====== RECORDED DATA

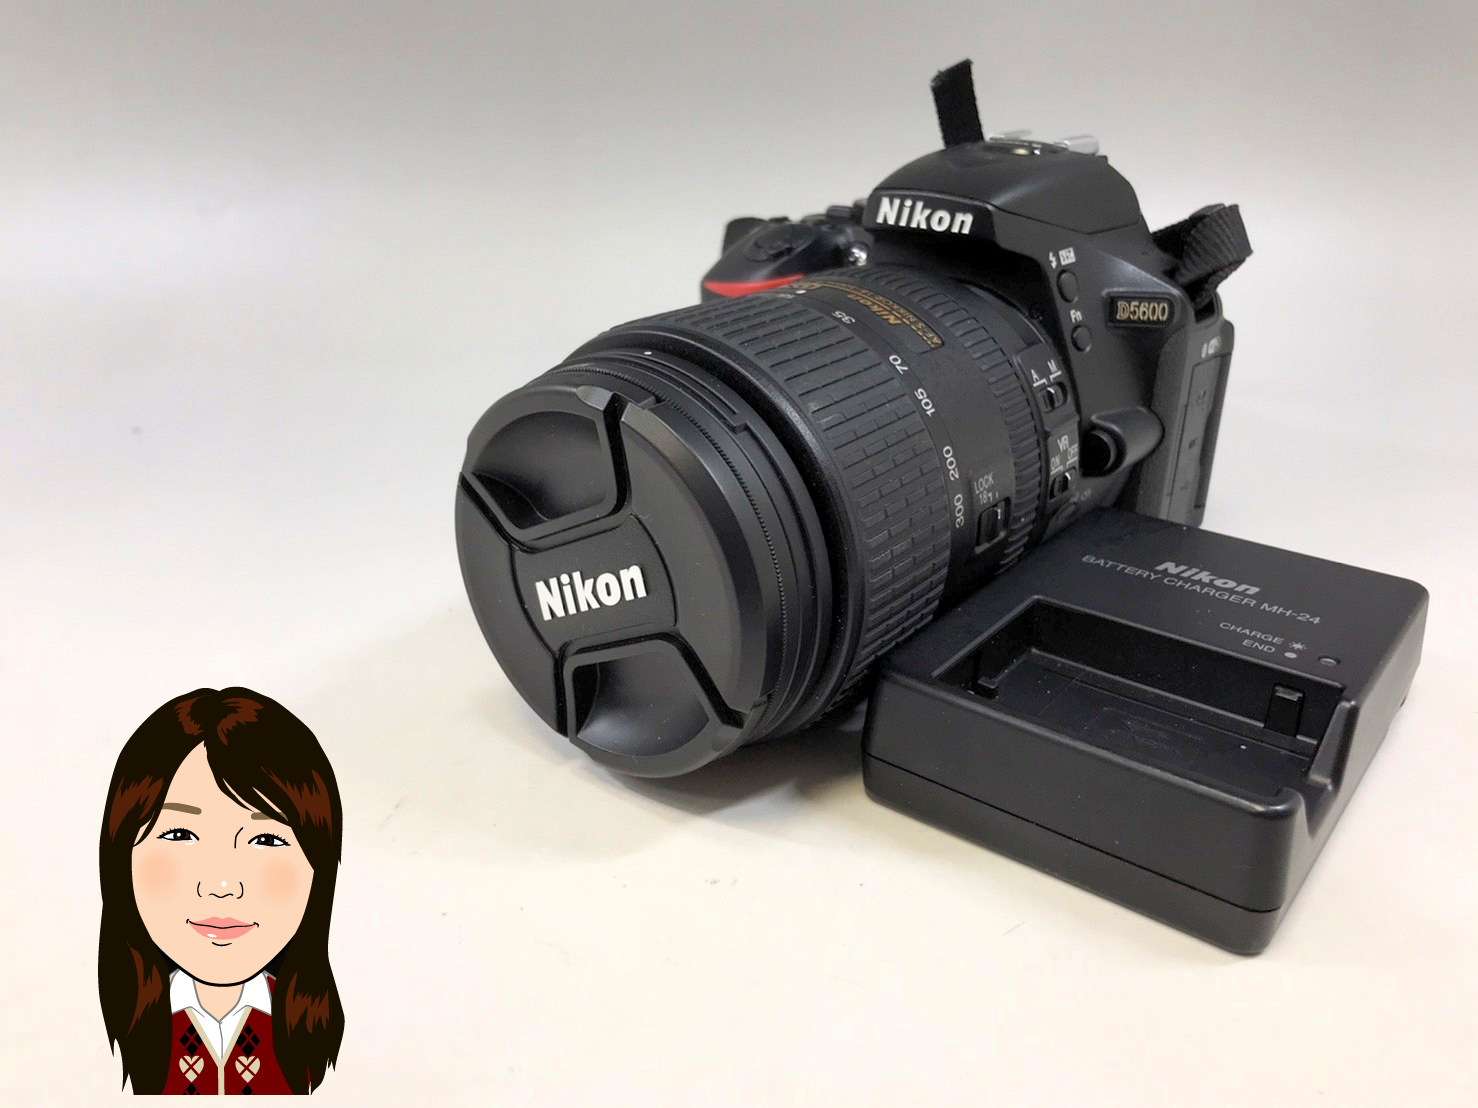 Nikon 【ニコン】 カメラボディD5600 レンズAF-S DX NIKKOR 18-300mm 画像1
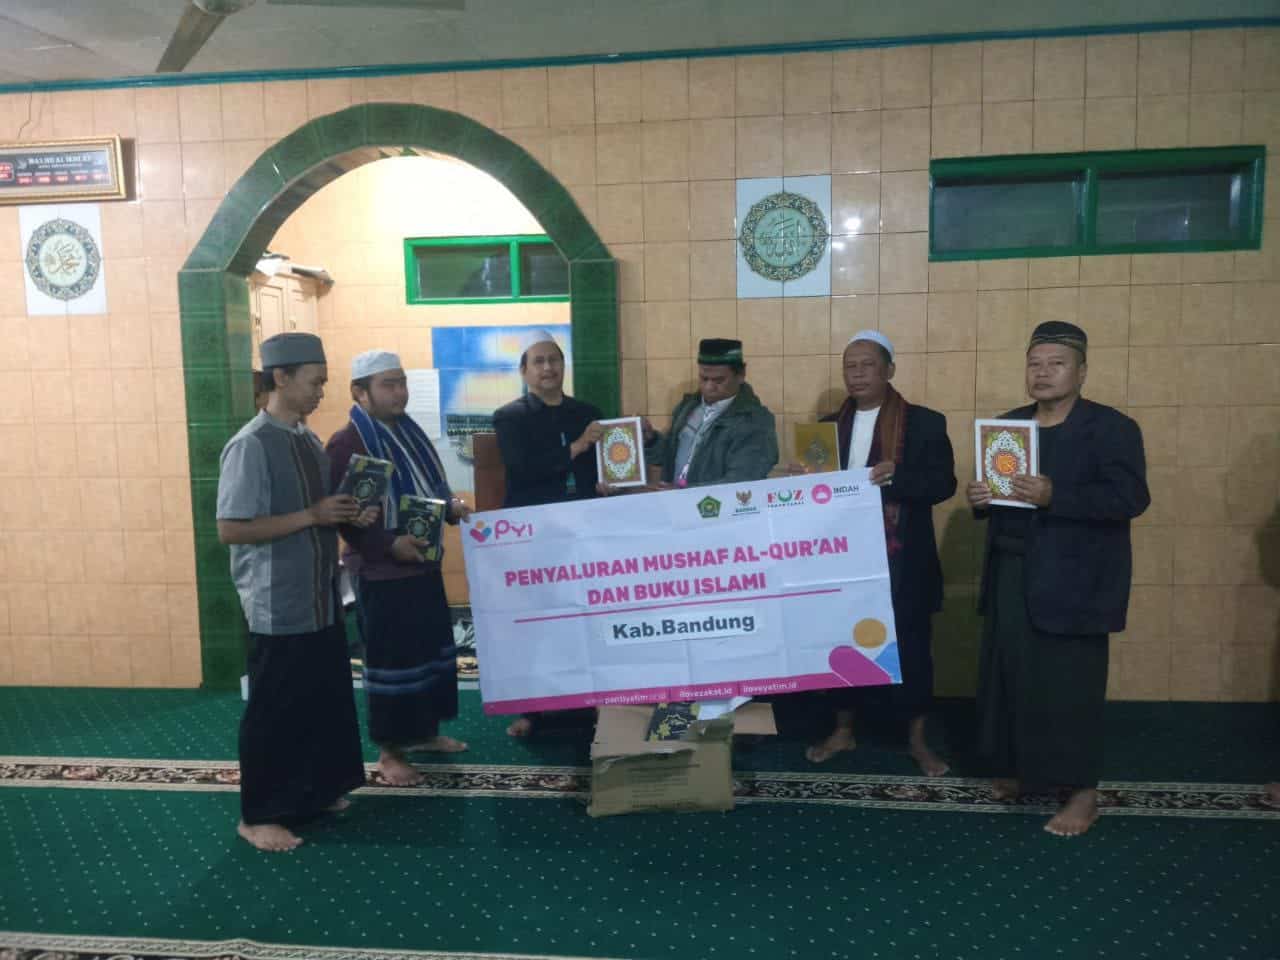 Laznas Panti Yatim Salurkan Bantuan Dakwah berupa Al Quran dan Buku Islami di Kopo Kec. Kutawaringin
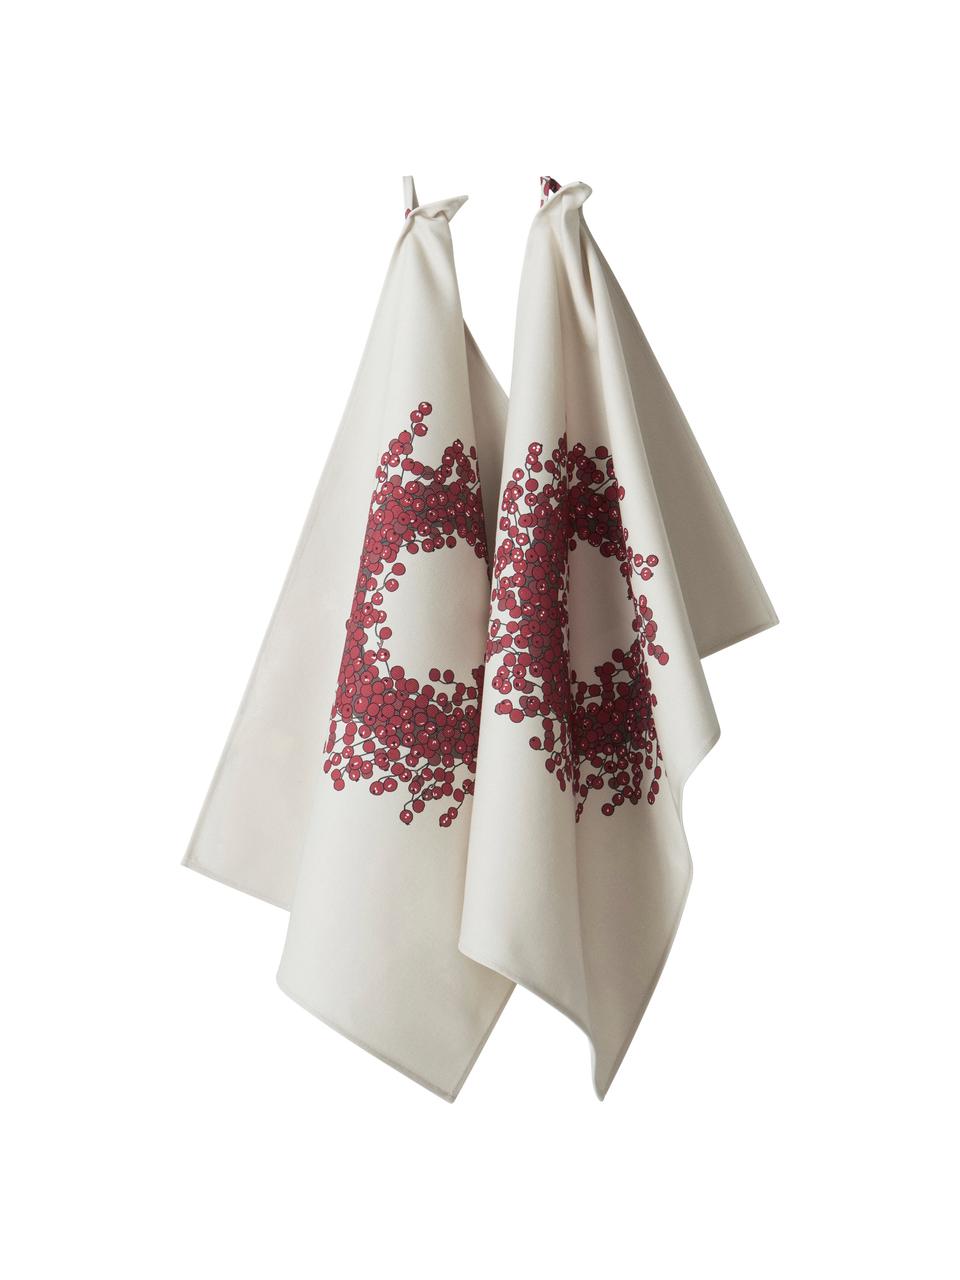 Ręcznik kuchenny Krans, 2 szt., 100% bawełna pochodząca ze zrównoważonych upraw, Kremowy, odcienie czerwonego, S 50 x D 70 cm
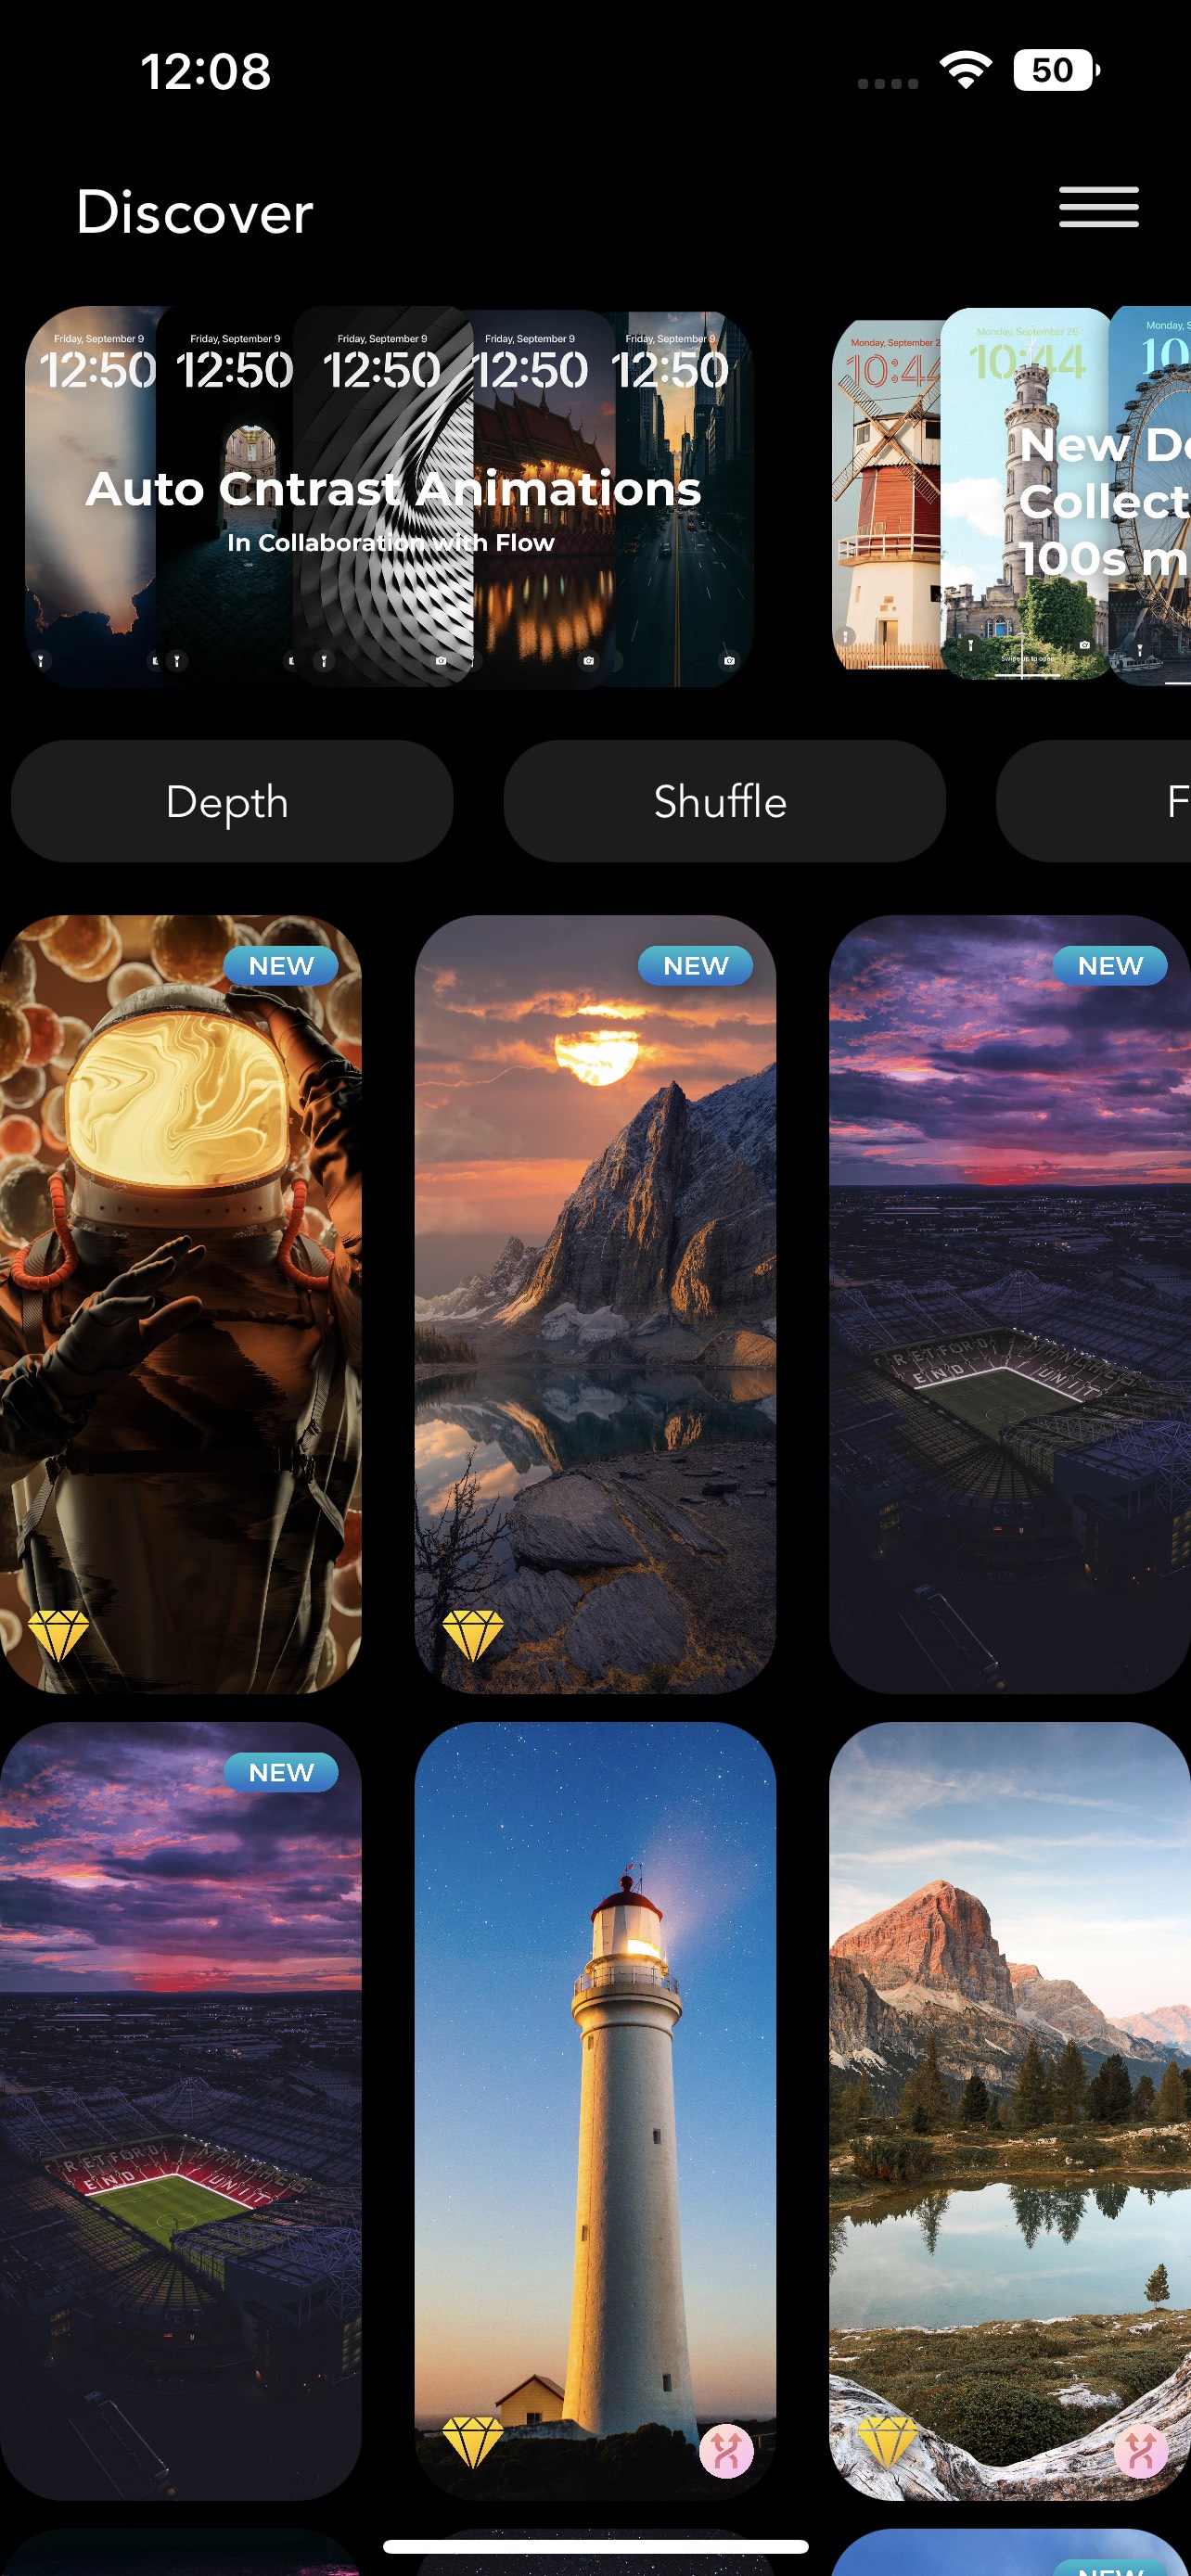 4 ứng dụng hình nền đẹp nhất cho màn hình khoá iOS 16

============

(ABOUT THIS EXERCISE) The pictures in the data should be omitted, and every remaining line set down exactly.

(FINISHED TASK)
 Nikon 【ニコン】 カメラボディD5600 レンズAF-S DX NIKKOR 18-300mm 画像1
 Laznas Panti Yatim Salurkan Bantuan Dakwah berupa Al Quran dan Buku Islami di Kopo Kec. Kutawaringin
 Ręcznik kuchenny Krans, 2 szt., 100% bawełna pochodząca ze zrównoważonych upraw, Kremowy, odcienie czerwonego, S 50 x D 70 cm
 4 ứng dụng hình nền đẹp nhất cho màn hình khoá iOS 16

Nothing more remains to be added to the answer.